The Codex – By Douglas Preston
Maxwell Broadbent is a man who sets out on the last grand adventure of his life. A multi-millionaire who made his money robbing ancient tombs and desecrating ancient cities, and now dying of cancer, Max decides that his three grown sons don’t deserve to have all the riches he has “worked” hard to get just handed over to them. So he takes his most expensive and prized possessions with him into the jungles of Honduras where he will be buried with them in, what else, an ancient tomb. His plan is that his sons will have to rob that tomb, after they figure out where it is, in order inherit.
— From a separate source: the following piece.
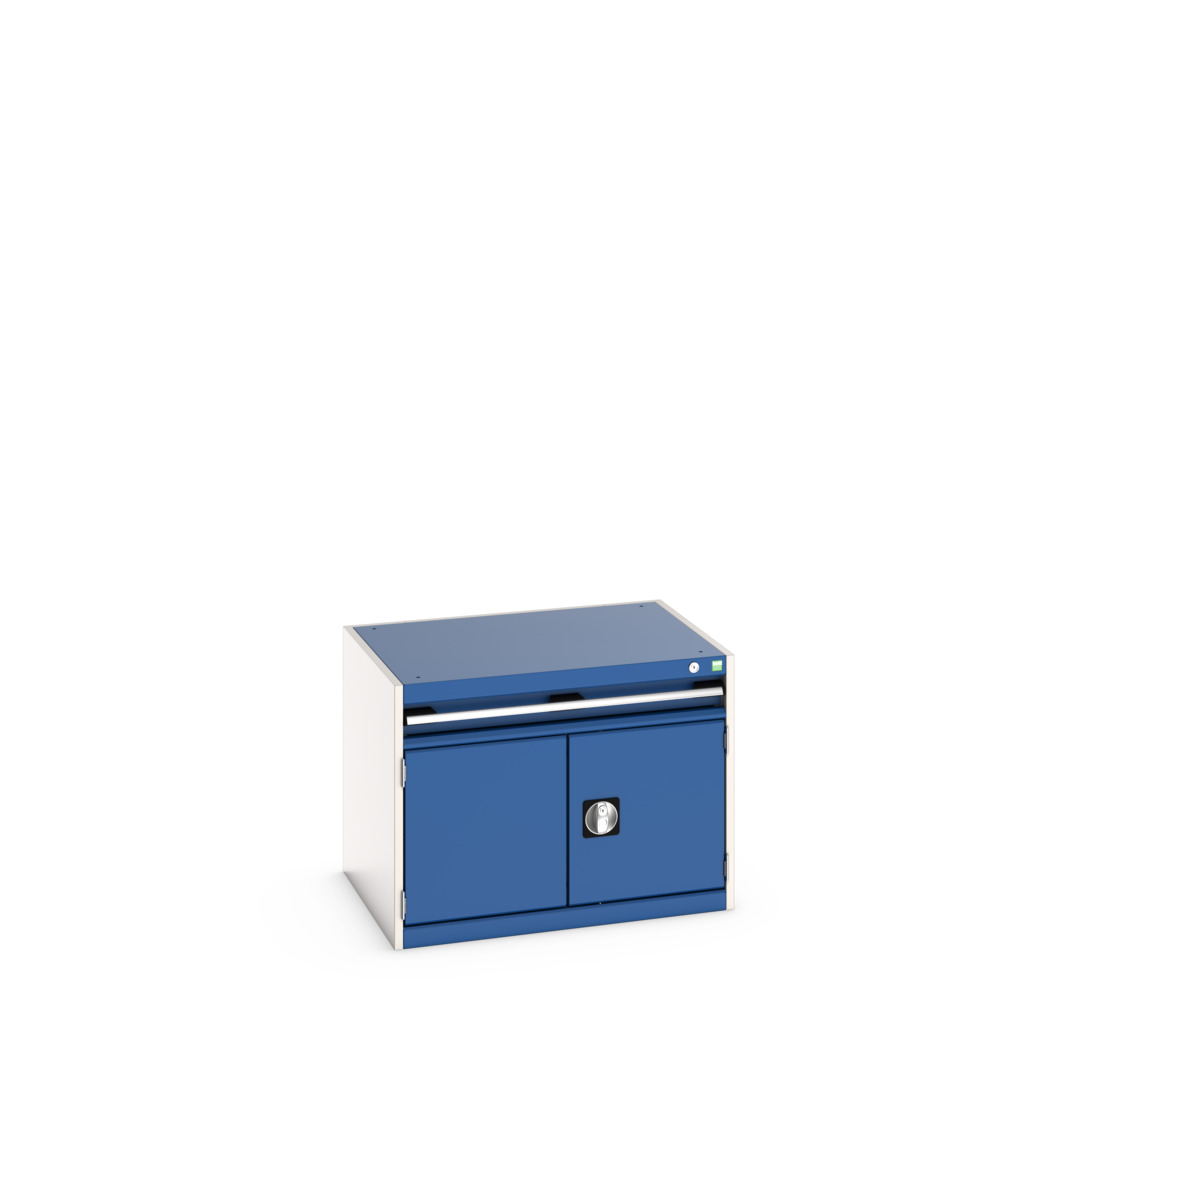 40020001.11V - cubio drawer-door cabinet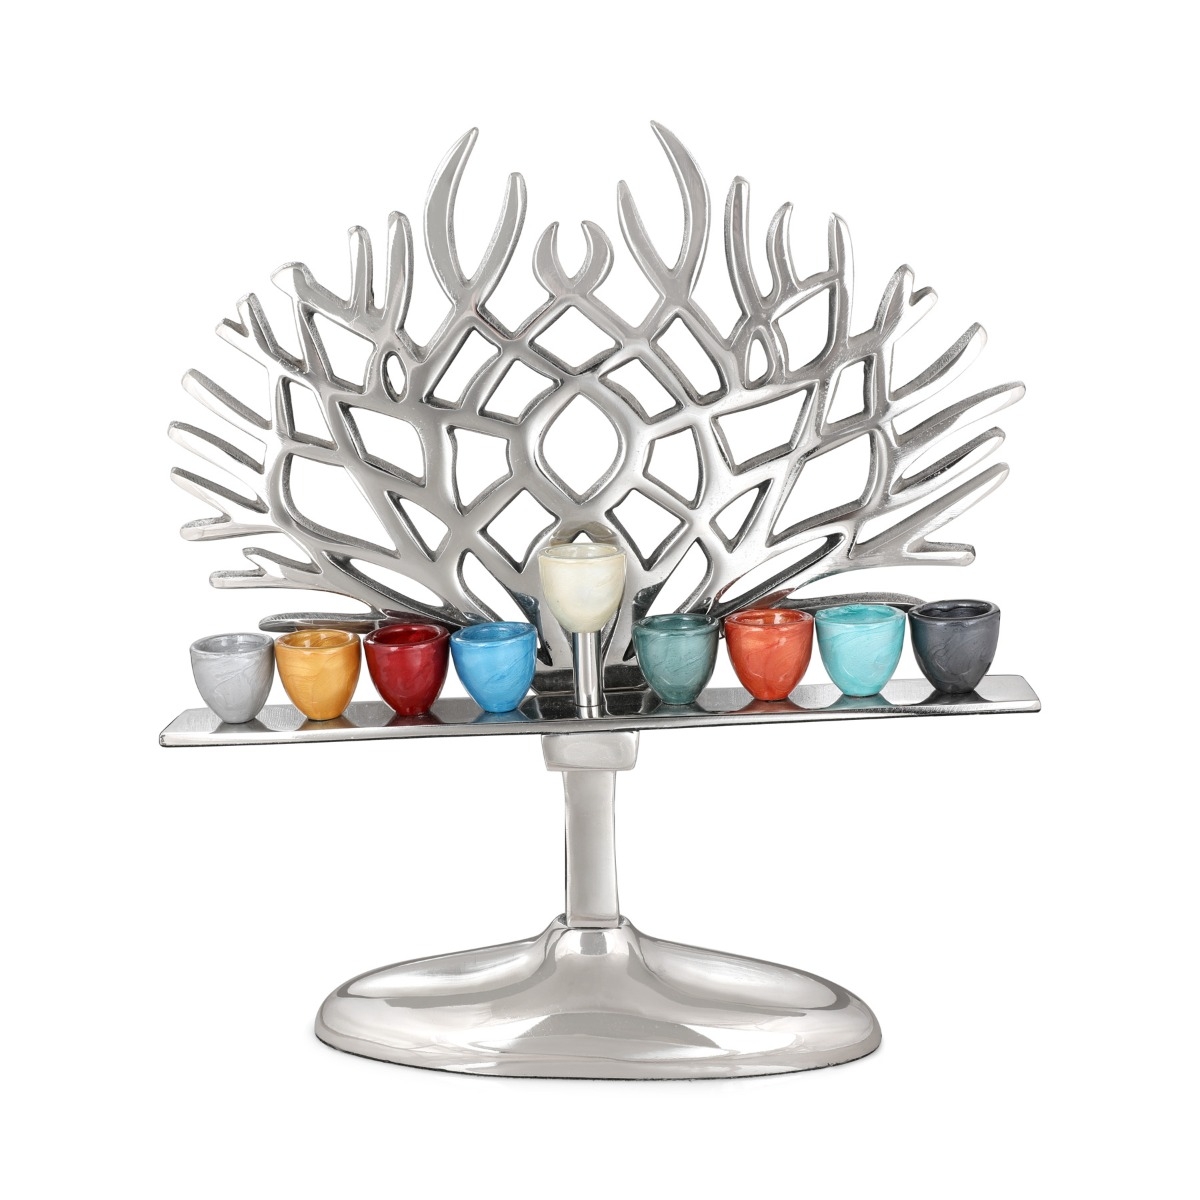 Aluminum Tree of Life Hanukkah Menorah with Colorful Candleholders - 1

This book is a wild ride through the dangerous jungles and winding rivers of Honduras.The three sons must battle lethal snakes and jaguars, not to mention nasty, vicious biting insects not known in America.
Add to the mix that several other people have gotten wind that one of the treasures, the Codex-an ancient Mayan book which details all the plants and animals in the jungle and how to use them to make medicine to cure almost every disease known to man-will also be buried with Max Broadbent.They, too, enter the race to see who will reach Maxwell’s tomb first and thereby obtain the priceless Codex.
I read this one in two days, unable to put it down until I found out how it ended. If you like adventure and stories of ancient treasures and tombs, you’ll enjoy this book.
The Cabinet of Curiosities By Douglas Preston and Lincoln Child
Douglas Preston and Lincoln Child have collaborated on
other books and they make a dynamic writing team. This particular book, taking place in New York City, is fantastic.
In this book Preston and Child bring back characters from other books; FBI Special Agent Pendergast and New York Times reporter Bill Smithback (Relic and Reliquary), archaeologist Nora Kelly (Thunderhead), and the New York Museum of Natural History (Relic). The adventure begins when the construction of an apartment building in Manhattan is stopped when excavators discover the remains of 36 dismembered bodies, the victims of a serial killer who operated more than a century ago. Of course, the builder knows the Mayor and construction isn’t stopped for long. The bones are removed and given a “proper” burial by the builder before Pendergast could get there to investigate. But this doesn’t stop Pendergast and the rest of the team from investigating. The serial killer apparently operated a “Cabinet of Curiosities” which was something like a circus sideshow, a small storefront which housed skulls, animal teeth, skins, whatever it took to get the people in off the streets and pay a few bucks to come in and see the “curiosities.”(The Cabinet of Curiosities, by the way, was the precursor to the natural history museums we now have.) With the help of Smithback and Kelly, Agent Pendergast learns that the killer harvested parts from living human
beings and distilled them into an elixir that would allow him to live forever. It was a gruesome business in 1870, and no less frightening when copycat killings started up
again in 2002. Could there really be a murderer on the loose for 130 years?
This novel kept me up reading late into the night. It goes from the Lower East Side of Manhattan all the way up to the Bronx, spreading a trail of terror and fear. I loved it!
Also, you may want to try some of Preston’s and Child’s other books. They’re all good. Enjoy!